HERE

PrintE-mail Written by Michael Noble

COMIC BOOK REVIEW: HERE / AUTHOR: RICHARD MCGUIRE / PUBLISHER: PENGUIN / RELEASE DATE: DECEMBER 9TH

Here is a beautiful and mesmerising 300-page expansion from Richard McGuire’s 6-page 1989 original comic. A dazzling experiment in form, it depicts a single room, or rather a single space, across thousands of years of history, both human and prehistoric, via a sequence of multi-panel insertions that create the impression that events are taking place not quite simultaneously but in some shared dimension.

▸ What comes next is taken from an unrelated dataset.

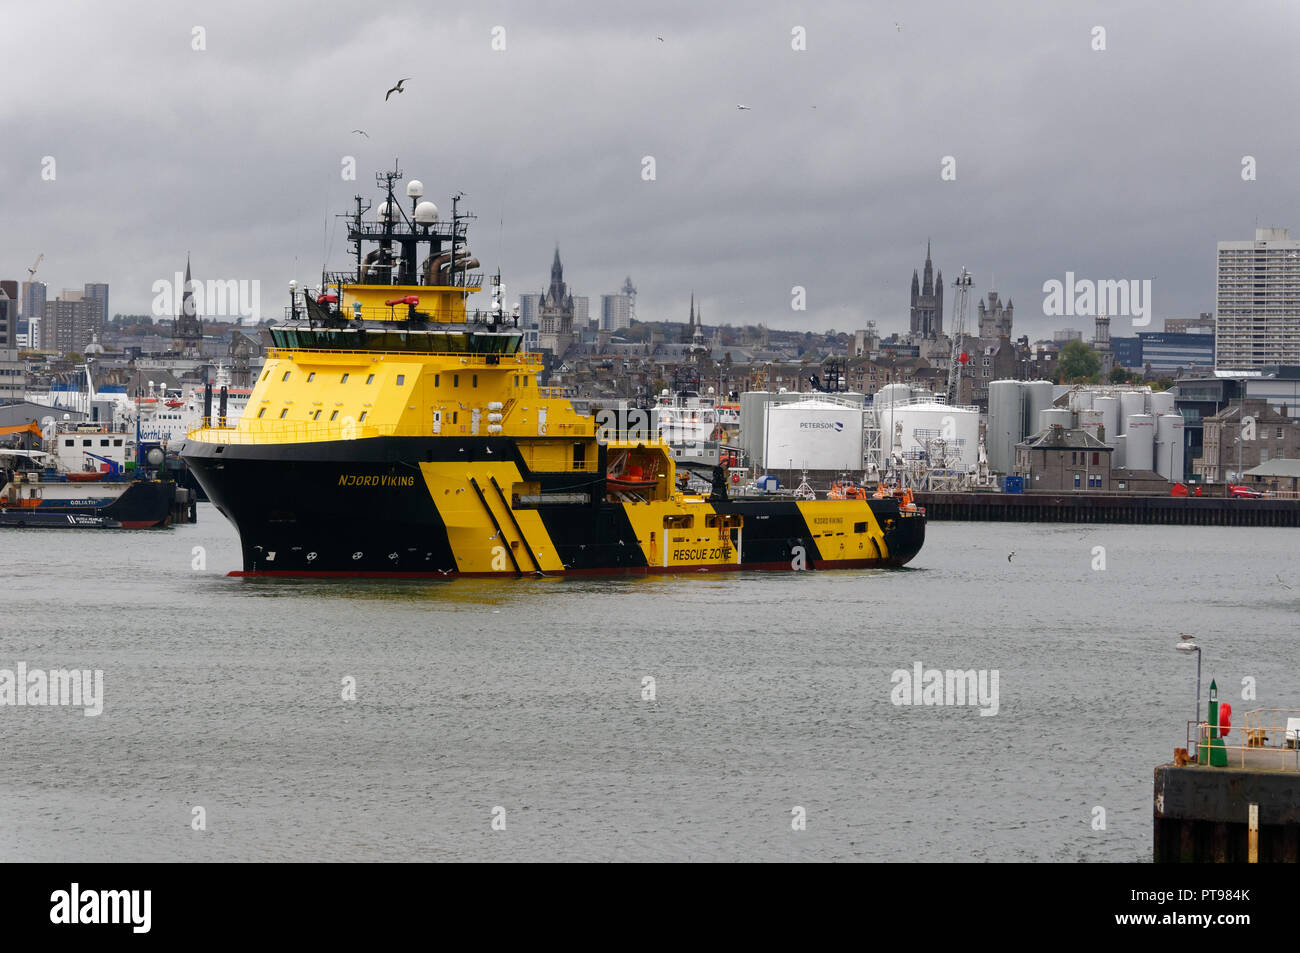 The Njord Viking High Ice-classed AHTS vessel capable of operations in harsh environment offshore seen in Aberdeen Harbour Stock Photo

The events themselves are sweetly mundane, which only add to the comics’ power. They initially seem to be arrayed at random, but as the pages go by, themes begin to appear. On one page, a scrapbook of women hold infants at different moments across decades, on another an elderly cleaner scrubs a chair while her counterpart in 1871 feeds a calf. There are occasional sprees of narrative that seep in and out of the progression of pages. If such designs sound flat or odd in print, then it’s further testament to the power of McGuire’s deceptively-simple illustrations. He manages to wring a surprising array of emotions from simple lines and blocks of colour interspersed with deliberately hackneyed jokes and the uncanny wisdom of the everyday.

McGuire alternates his designs between busy pages of four or five panels with intense human action, such as a collection of fancy dress parties at intervals of decades, to simple two panel pages with a more sombre and quiet tone. One of the most affecting is a pair of images consisting of a silhouetted woman and her shadow in 2014 and a thicket of trees in 1503, the whole thing formed from pale, almost pastel, greys, browns and greens. There are many such pages at which the reader, or perhaps viewer, might be prompted to pause and take in the stark beauty of absence. To do so is only part of the story.

This is a book that has been designed to be enjoyed at multiple speeds, through several readings and in different moods. It is pessimistic and optimistic at turns; both bleak and vivid and more a work of art than a comic book.